Fonseca knew of a colleague of Dewar's at Simon Fraser University's Anthropology Department. Dr. Dongya Yang is one of the world's leading experts on an even deeper mitochondrial DNA technique used for studying the ancient bones of animals and humans. Yang was a busy man, the lab was not easily available due to university activity, but the professor figured out a schedule and a budget the coroners' service could work with.

"Dr. Yang did more than 82 re-amplifications on this DNA, he was like a dog on a bone as well," Inkster said. Fonseca added, "No other lab I've ever heard of would do that. That is a lot of work over and above."

Working with less than one gram of bone at a time, Yang discovered bits of DNA still in focus within the remaining bone fragments. Now they just needed a sample from Joris's family for comparison, but there was another obstacle. Mitochondrial DNA testing, unlike the nuclear kind, only reads the traits passed along the maternal line of genetics. A cross-reference had to be made with Joris's elder kin on his mother's side, if there even were any.

The investigation team had worked with Interpol before, so a call was made, and another and another until the phone rang in Holland on the desk of police officer Jan Tuinman in the town where, in 1930, a cow landed a jab on the jaw of a young farm boy.

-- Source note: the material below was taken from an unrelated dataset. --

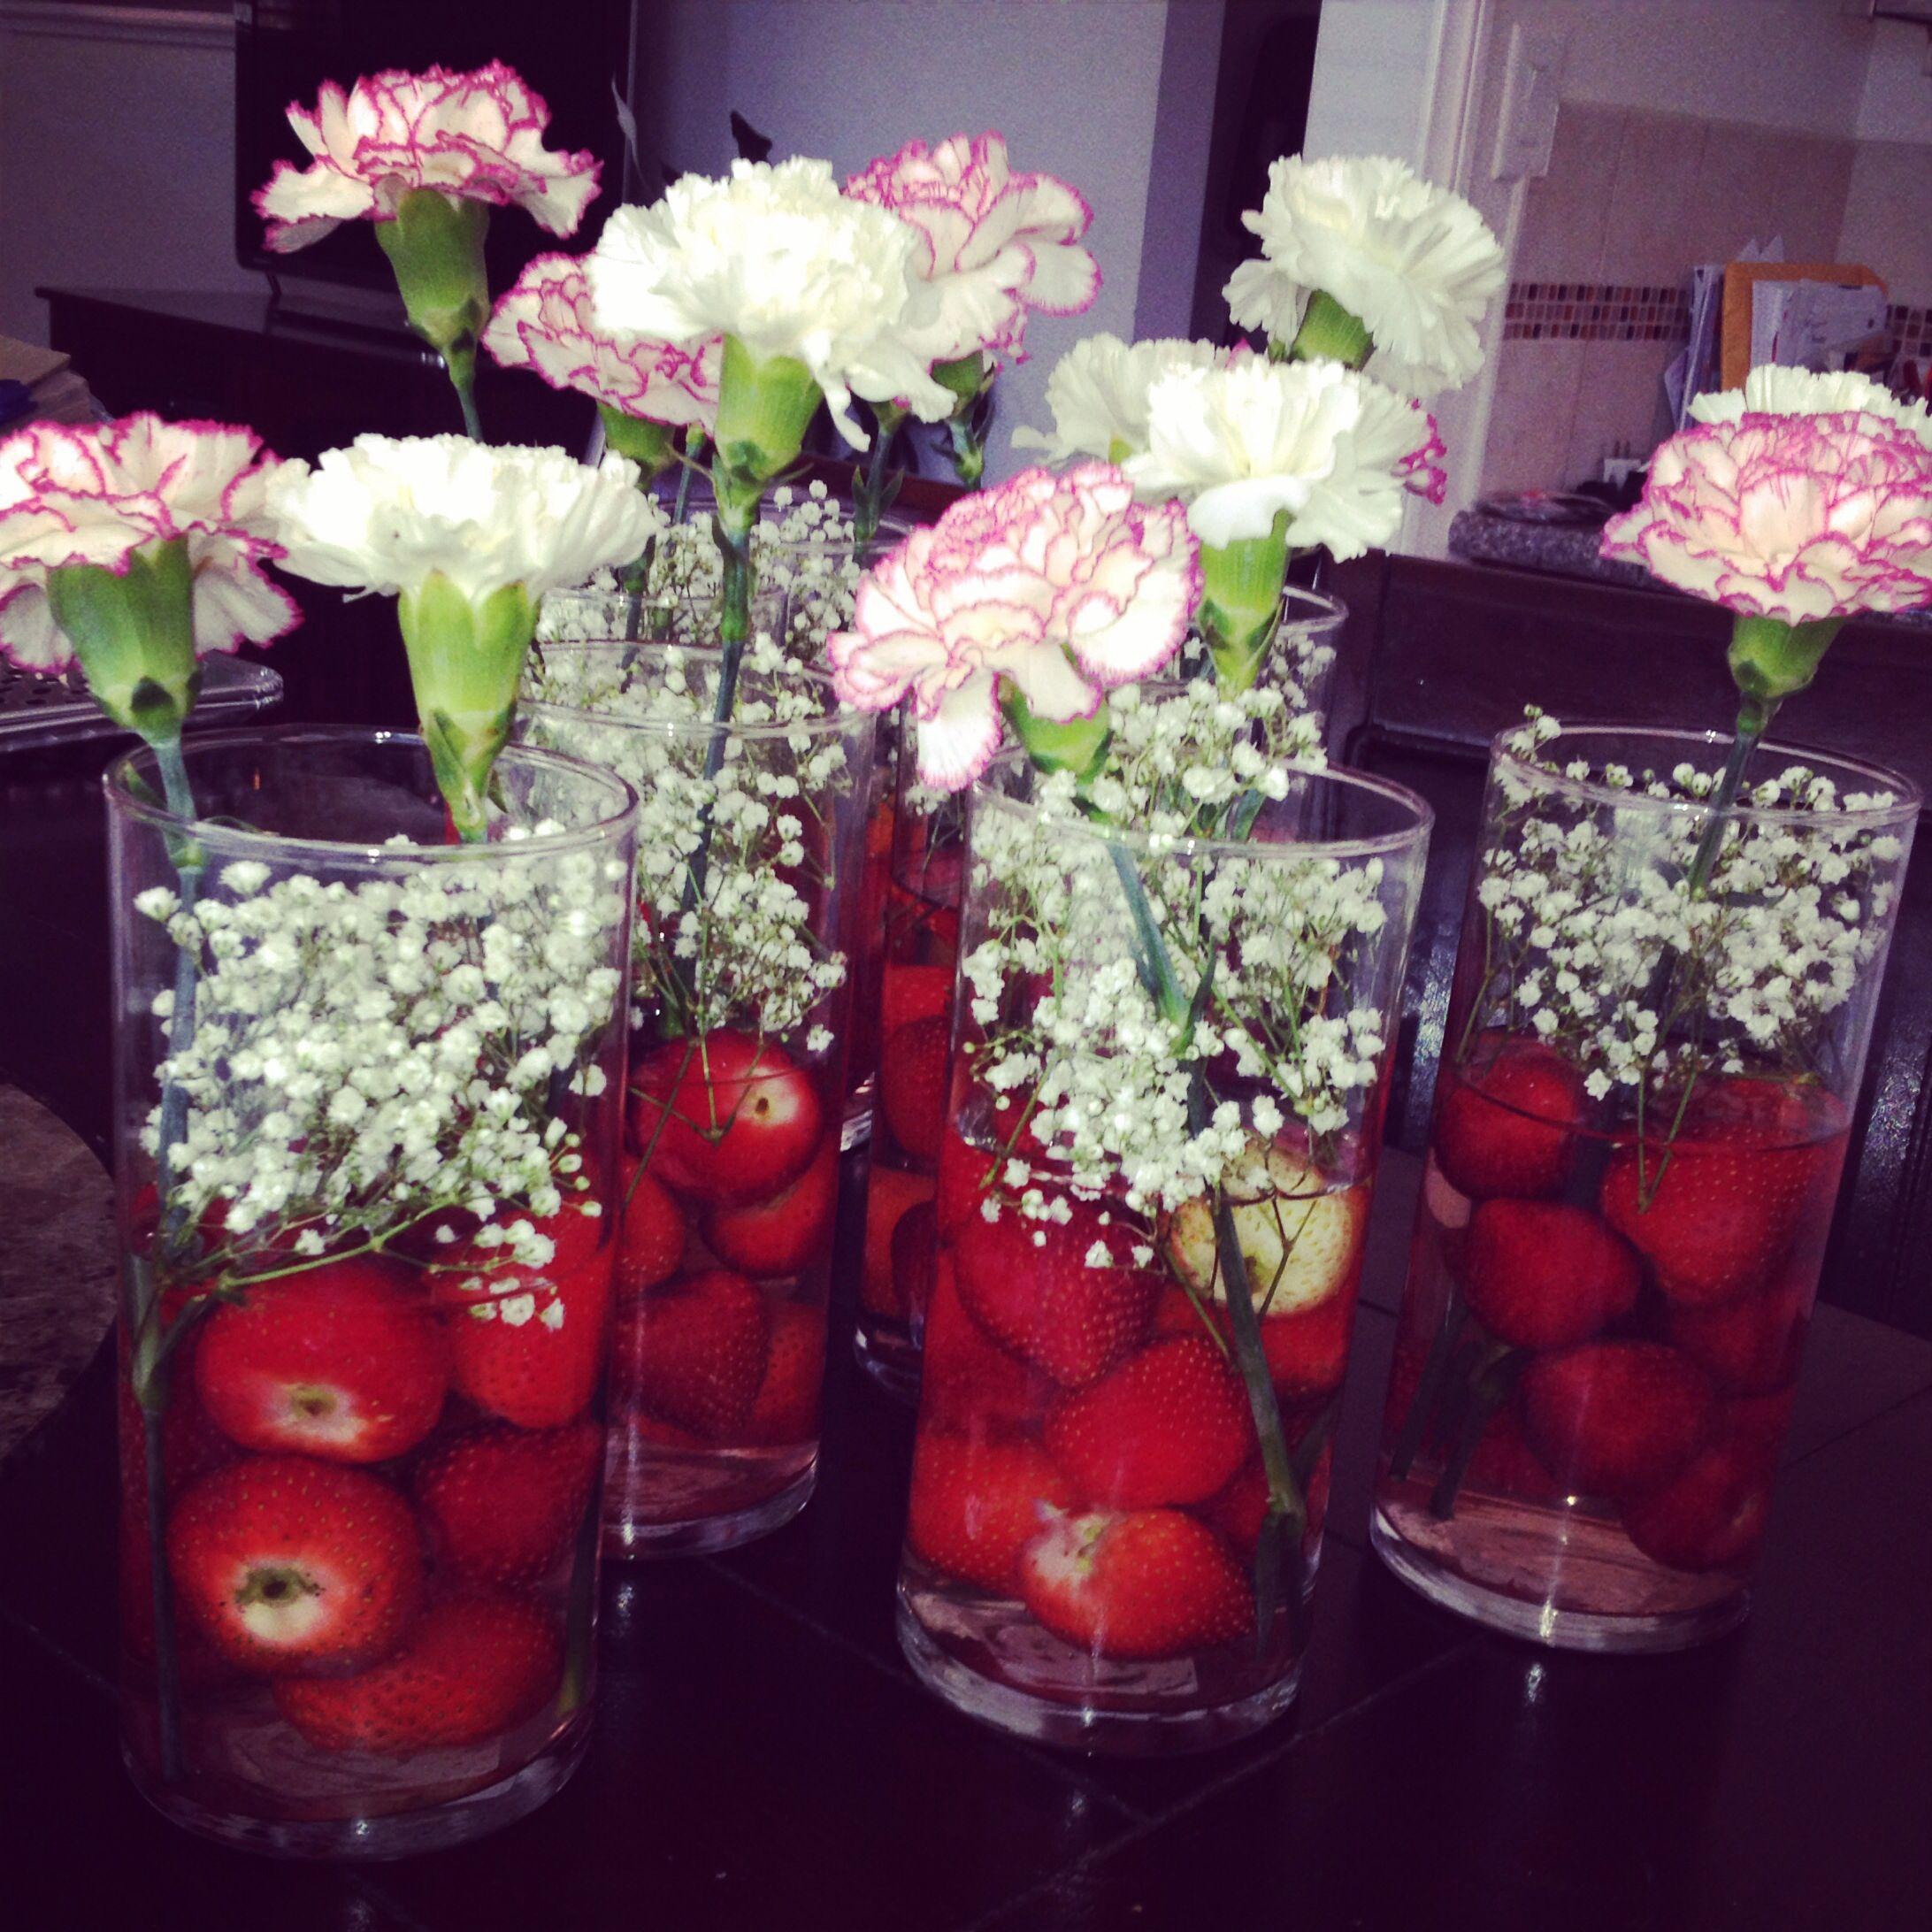 Strawberry shortcake centerpieces

"[Tuinman] knew the family," said Fonseca. "He really took an interest and made a lot of efforts to help gather credible samples. He found three living relatives, all elderly of course, from the mother's side of this man's family line. They were more than willing to provide a swab for us."

After three years of studying these mysterious remains, it was now a matter of simple comparison.

"The family was curious, I think, and held out hope," Fonseca said.

"I don't think they were frustrated by the delays. The family was very realistic about it. The analysis was complex and they remained a pleasure to deal with."

The microscopes ended all doubt. Confirmed: they had their match. The Ashcroft remains were indeed that of long lost Joris. It took 44 years but the mystery was finally solved.

"I feel very, very - how you say? - very happy. To see our work help the family... very satisfying," said Yang through broken English but intact sincerity. "This is a university research lab, but we try our best to help, in particular when the coroners' office has tried the other ways and can't get the answer. We can see this unique technique's potential to work with forensic samples. We feel it will be really useful to society."

For Hodges, who could potentially see Joris's family members in the grocery store lineup or the shopping mall on any given Prince George day, it was the most personal case he had ever worked on.

He was aware that they didn't get all their answers, like why Joris left all his personal effects and wallet behind when he got on the bus, or why Joris exited the Cache Creek bus depot before the connecting Greyhound departed, or how he ended up four kilometers down the road in a secluded field, or even the official cause of Joris's death. But they know the most important part of the mystery: where was he?

"This is the only time I've worked with family members and the only reason I did was because it was the only conceivable option we were left with of finally solving this case," Hodges said. "Each case has some kind of weird twist to it. It keeps the mind alive."

For one family, it also breathed new life into faded, cherished memories.